### INFORMATION SUPPLIED ###

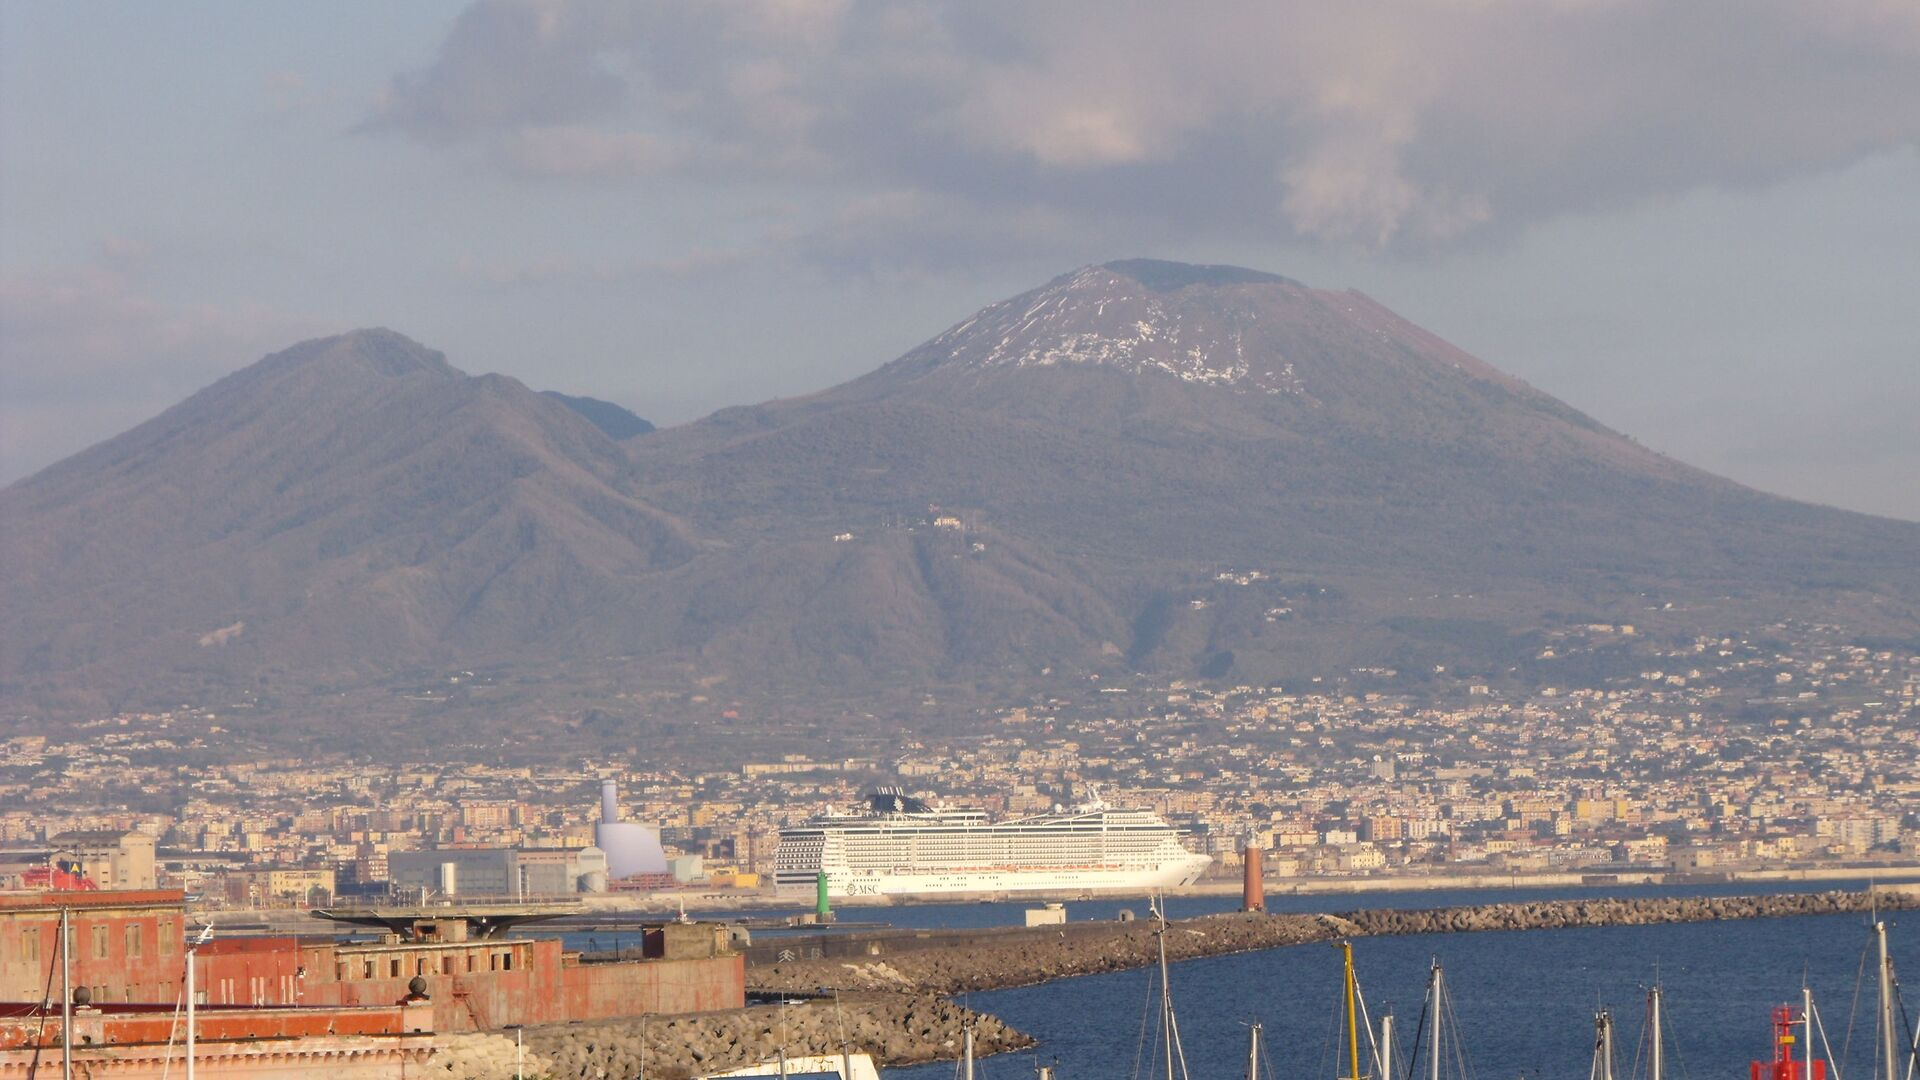 Golfo di Napoli e Vesuvio  - Sputnik Italia, 1920, 29.04.2021
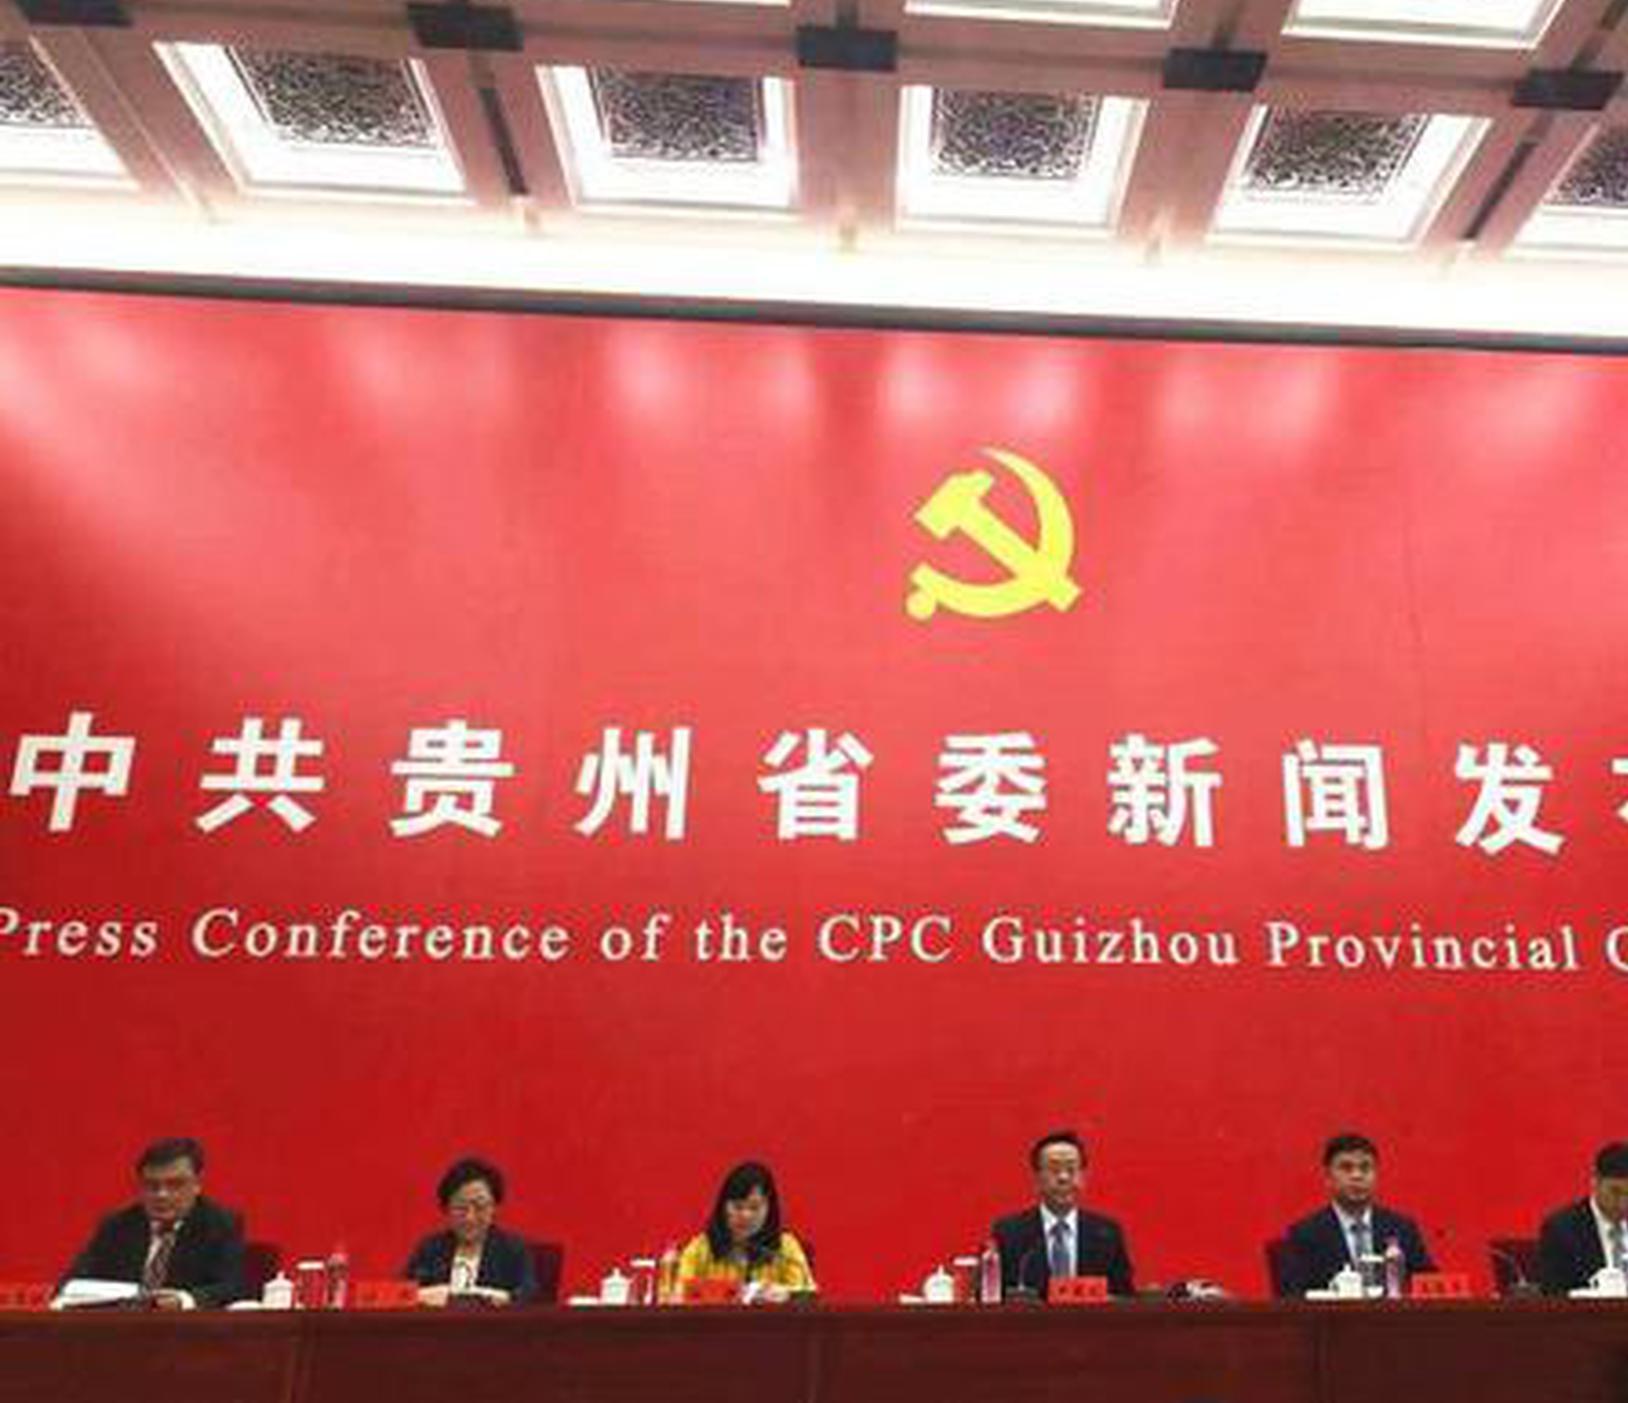 贵州省将举办系列活动庆祝中国共产党成立100周年
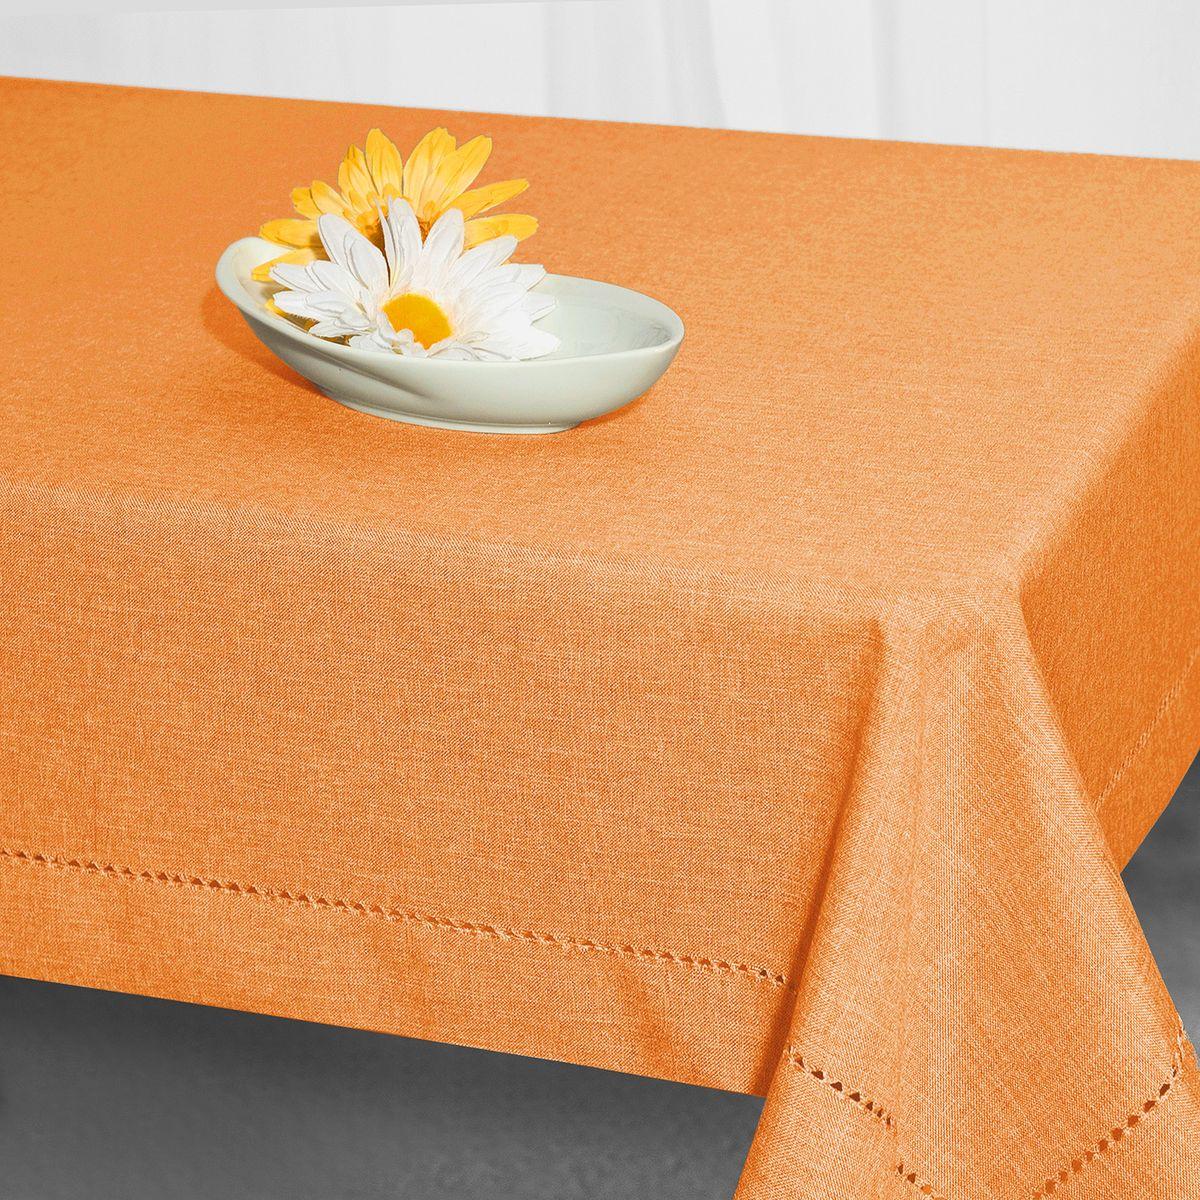 Скатерть Schaefer, прямоугольная, цвет: оранжевый, 130 x 170 см. 07599-42996515412Стильная скатерть Schaefer выполнена из полиэстера.Изделия из полиэстера легко стирать: они не мнутся, не садятся и быстро сохнут, они более долговечны, чем изделия из натуральных волокон.Немецкая компания Schaefer создана в 1921 году. На протяжении всего времени существования она создает уникальные коллекции домашнего текстиля для гостиных, спален, кухонь и ванных комнат. Дизайнерские идеи немецких художников компании Schaefer воплощаются в текстильных изделиях, которые сделают ваш дом красивее и уютнее и не останутся незамеченными вашими гостями. Дарите себе и близким красоту каждый день!

###

» ASSIGNMENT
Leaving aside the pictures, copy the listing above exactly.

» WRITTEN ANSWER
 Golfo di Napoli e Vesuvio  - Sputnik Italia, 1920, 29.04.2021
 贵州省将举办系列活动庆祝中国共产党成立100周年
 Скатерть Schaefer, прямоугольная, цвет: оранжевый, 130 x 170 см. 07599-42996515412Стильная скатерть Schaefer выполнена из полиэстера.Изделия из полиэстера легко стирать: они не мнутся, не садятся и быстро сохнут, они более долговечны, чем изделия из натуральных волокон.Немецкая компания Schaefer создана в 1921 году. На протяжении всего времени существования она создает уникальные коллекции домашнего текстиля для гостиных, спален, кухонь и ванных комнат. Дизайнерские идеи немецких художников компании Schaefer воплощаются в текстильных изделиях, которые сделают ваш дом красивее и уютнее и не останутся незамеченными вашими гостями. Дарите себе и близким красоту каждый день!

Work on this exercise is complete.